CFL Fails To Secure $30M In Federal Funding
The Canadian Football League’s board of directors will reportedly convene on Monday in order to come up with a viable survival plan as well as to determine how to best approach an abbreviated 2020 season given that no financial assistance from federal government could be secured.
According to information reportedly leaked by two independent anonymous sources, government has not been able to provide the CFL with the $30 million loan it previously requested it be granted free of interest. The proposed terms of the loan proved problematic, said the sources of the alleged denial.
Securing Money An Ongoing Battle
This will not have been the first time the league had failed at securing interest-free financial assistance. The CFL in July rejected a loan offered to it by Canada’s Business Development Bank, and for the very same reason, being that the quoted interest had been considered “over the top” by the league.
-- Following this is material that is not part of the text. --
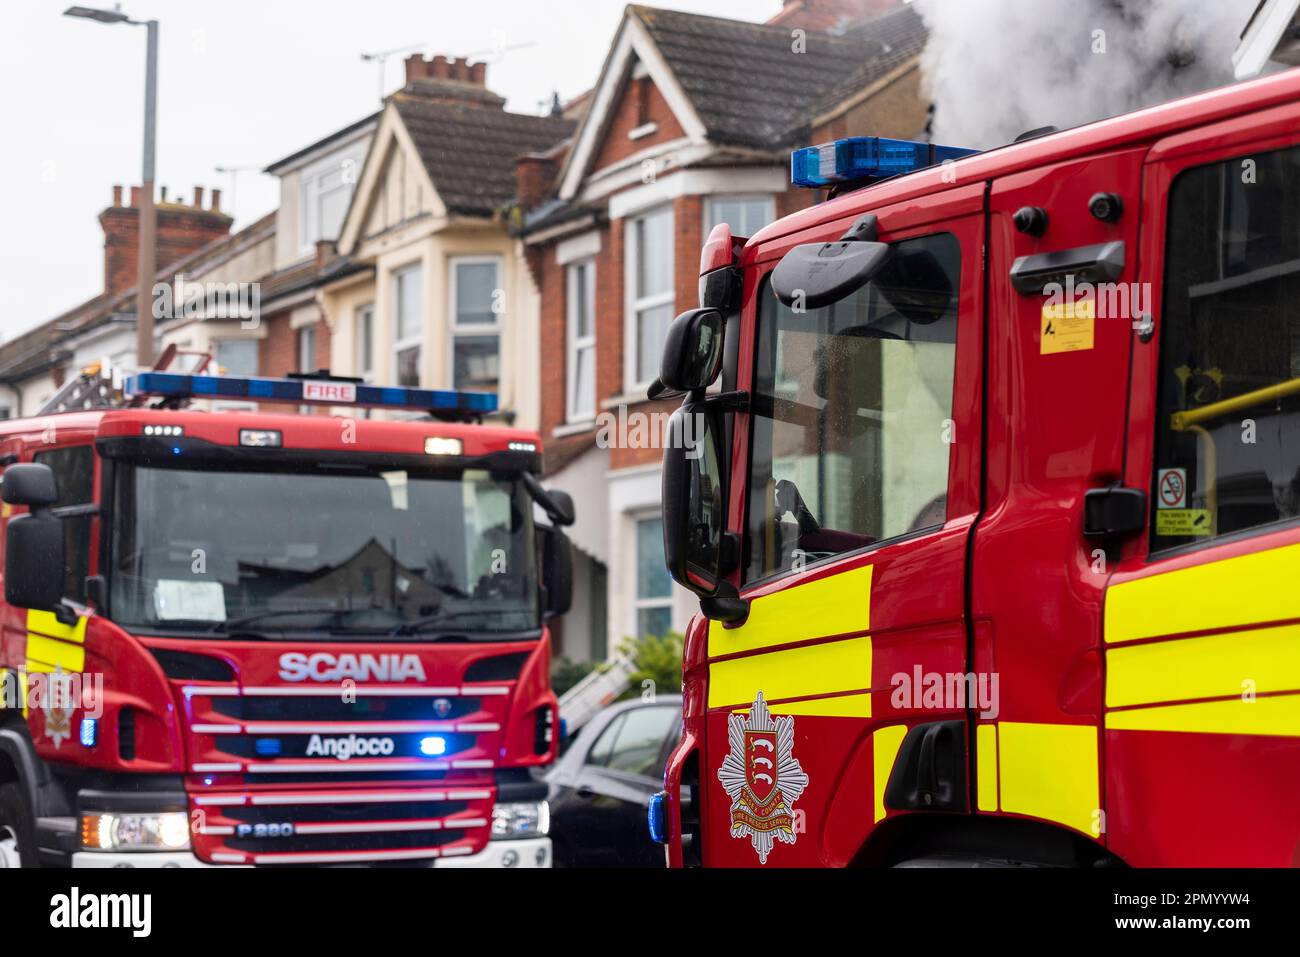 Essex County Fire & Rescue Service responding to a house fire in Westcliff on Sea, Essex, UK. Fire engines on scene, with smoke from property Stock Photo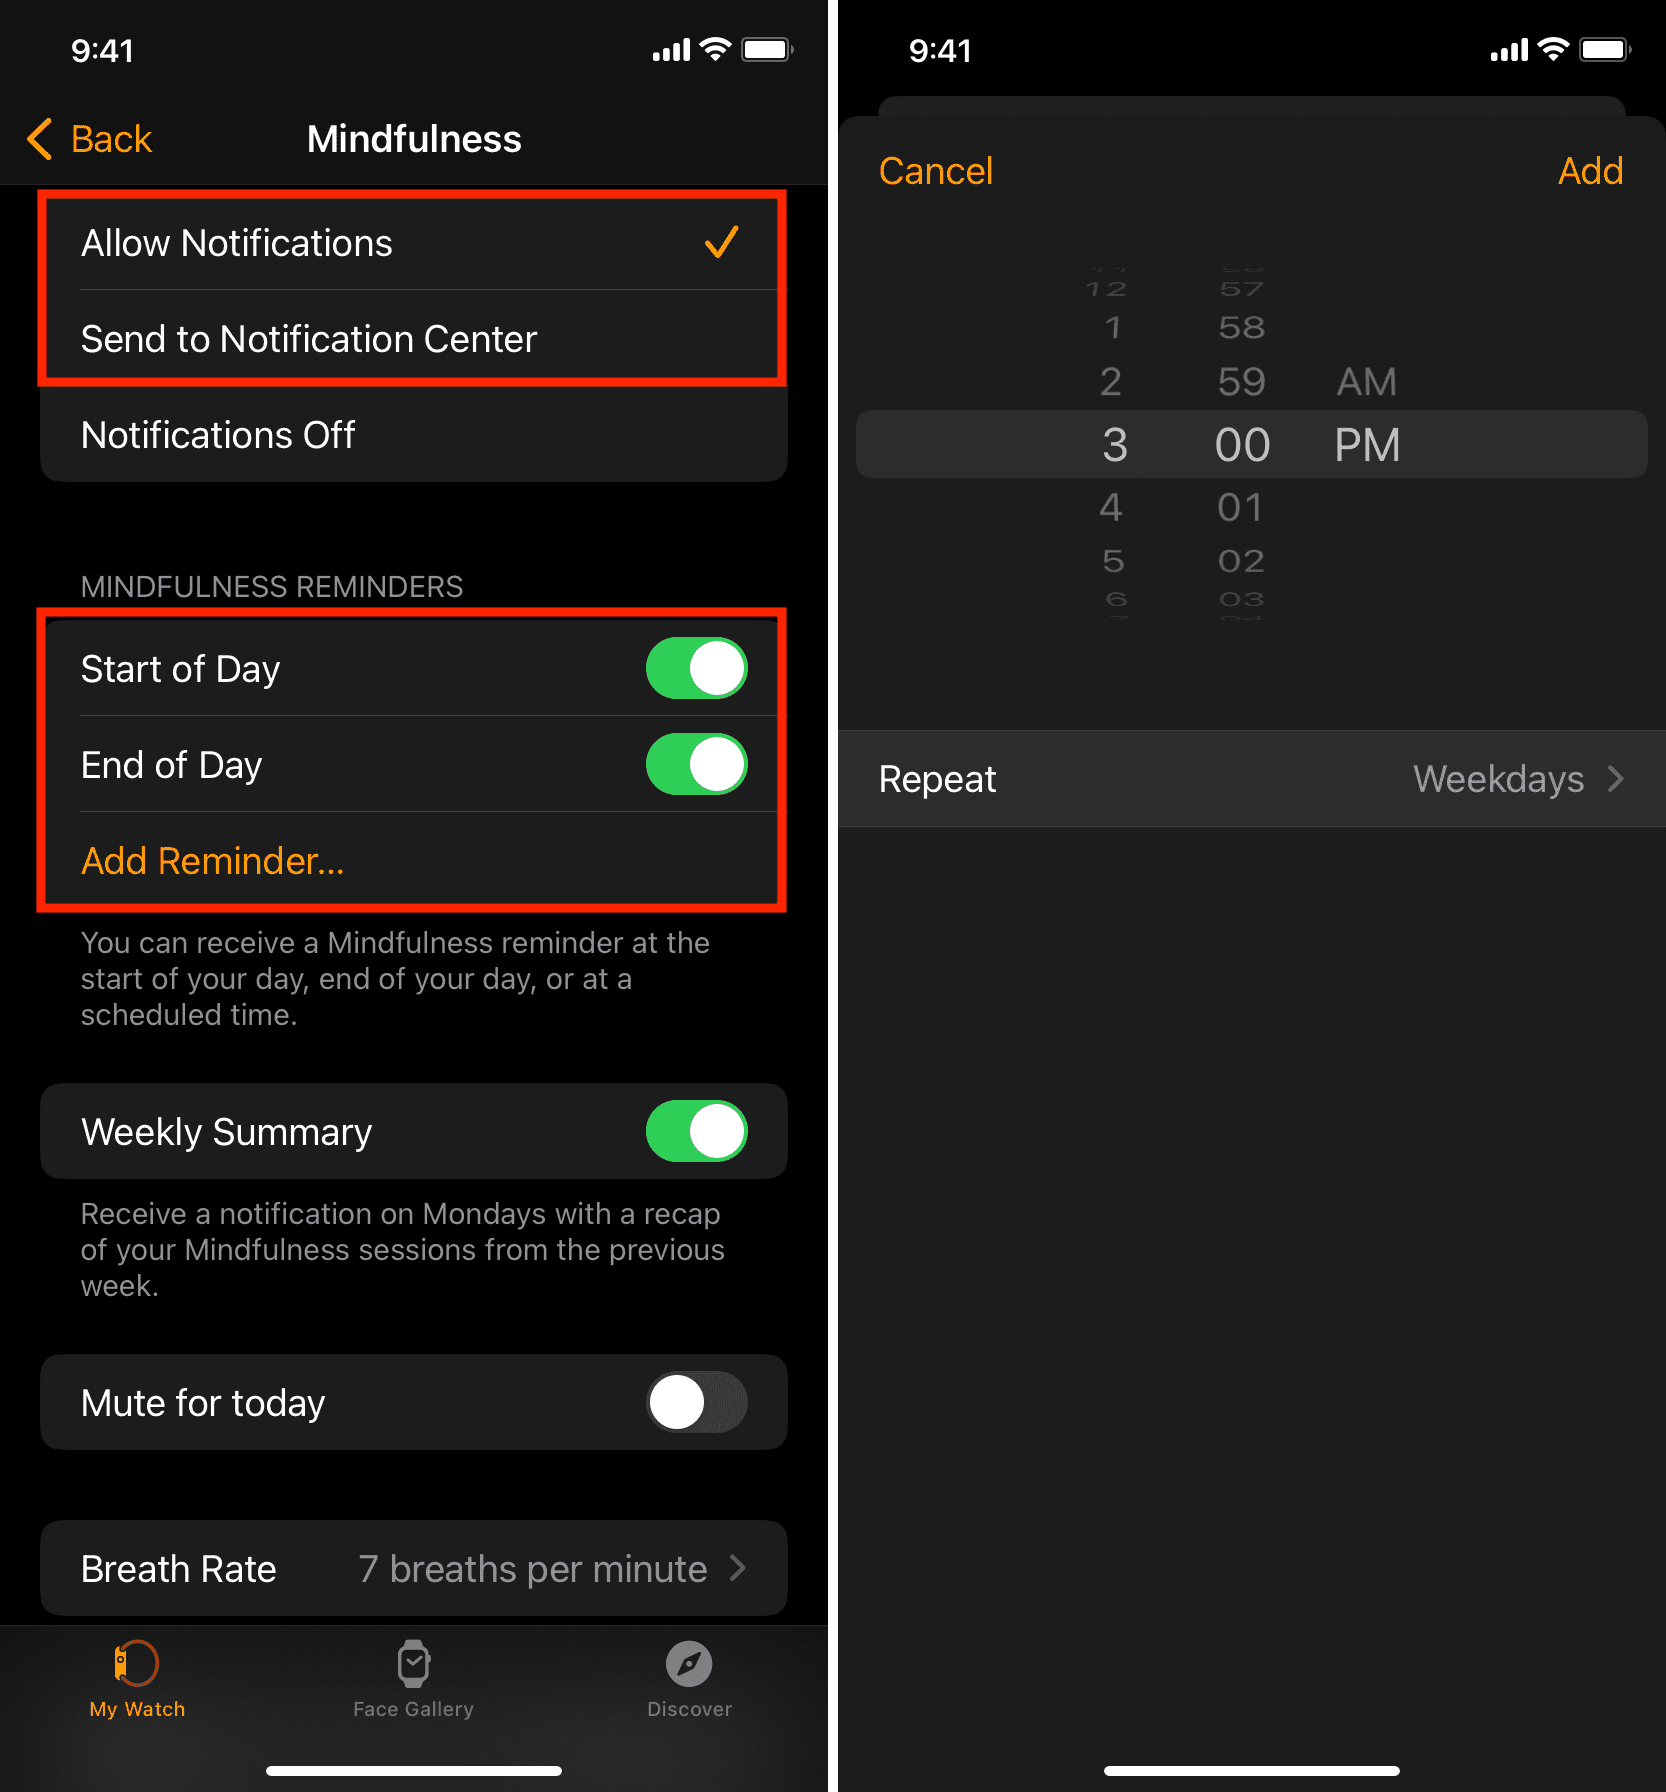 Enable Mindfulness notifications for Apple Watch

Monday’s planned meeting is now rumoured a mere formality for the purpose of wrapping up the current season. The league has on several occasions emphasised the fact that without a financial lifeline extended by federal government, there would be no abbreviated 2020 season.
According to yet another anonymous source claiming to have inside CFL information, the league’s financial affairs are currently in such a state that even if an abbreviated 2020 season were indeed somehow possible, the CFL would still have to weather losses upwards of $50 million.
Considering the $60 million it stands to lose if no football were to be played during what little remains of this season, it all seems hardly worth the effort of players having to spend extended periods of time in quarantine, make their way to hub-city Winnipeg, and playing a shortened 6-week-long 2020 campaign.
Funding One Of Many Problems
But a lack of funding, from federal government or otherwise, isn’t the CFL’s only major pre-abbreviated-season hurdle in need of a reasonable clear. The league has also yet to reach an agreement with the CFLPA (Canadian Football League Players’ Association) relating to the signing into force of a mutually acceptable collective bargaining agreement.
The CFL relies heavily on tickets sales in order to fund its day-to-day operations and overheads. This alone makes it nearly impossible to pull of any sort of season within the context of no sports being played in front of large crowds for the duration of the summer.
The regular Canadian football season was supposed to have kicked off already on June 11.